KHH: There are many authors I admire: Tobias Wolff, Peter Cameron, William Maxwell. Actually, there are many books I love. It’s rare that I love an author’s entire body of work with the exception of the aforementioned. I loved Lolita, East of Eden, The Secret History, The Ice Storm, Cracks by Sheila Kohler. I don’t think I’m conscious of how other writers influence my work. I do know that whatever I’m reading manages to seep into whatever I’m writing. I’m responding in some way, mimicking, or perhaps something one writer said reminds me of something I’ve wanted to say. It’s a great thing, because in a way you’re engaging in this strange, silent conversation.
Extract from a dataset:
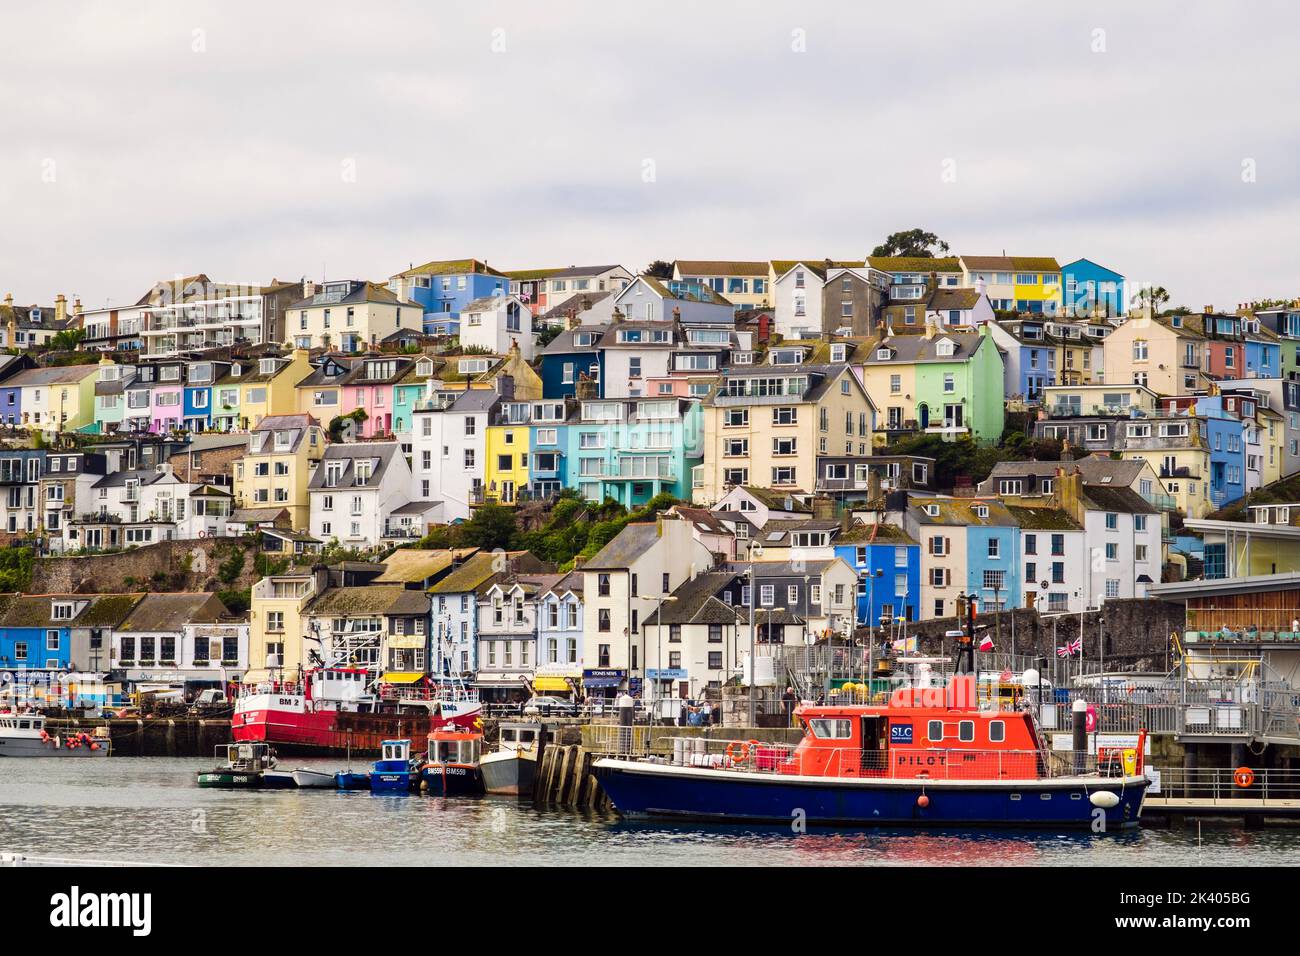 Case colorate sulla collina che si affaccia sul porto interno con pilota barca ormeggiata sul molo. Brixham, Devon, Inghilterra, Regno Unito, Gran Bretagna Foto Stock

RHRC: What are you working on next?

KHH: I’m working on a novel about raising a baby in San Francisco. It has been fun to write a story where the characters’ lives have more in common with my own life than anything I’ve done before in my fiction.
I’m double-fisting and am also working on a novel set in an affluent resort town in Colorado, this time channeling the voice of a middle-aged woman. This one is also funny, yet tragic. I can’t help it. I have a feeling I will always write about the painfully funny struggles of people in Edenic settings. I also have started another novel, though I’ve put it aside for now. I have a queue of projects, sort of like an idea Netflix. Ideaflix. I want to get rid of one so I can see what’s next.


The other day I met a man who is involved in a highly publicized lawsuit. He made me think of my character, Matt King. This man is who Matt would be in fifteen years, conflict included. And now, of course, it’s all I’m thinking about. The Descendants started as a short story. I couldn’t let it go and it became a novel. Now I might not be able to let these characters rest. Sequel, perhaps?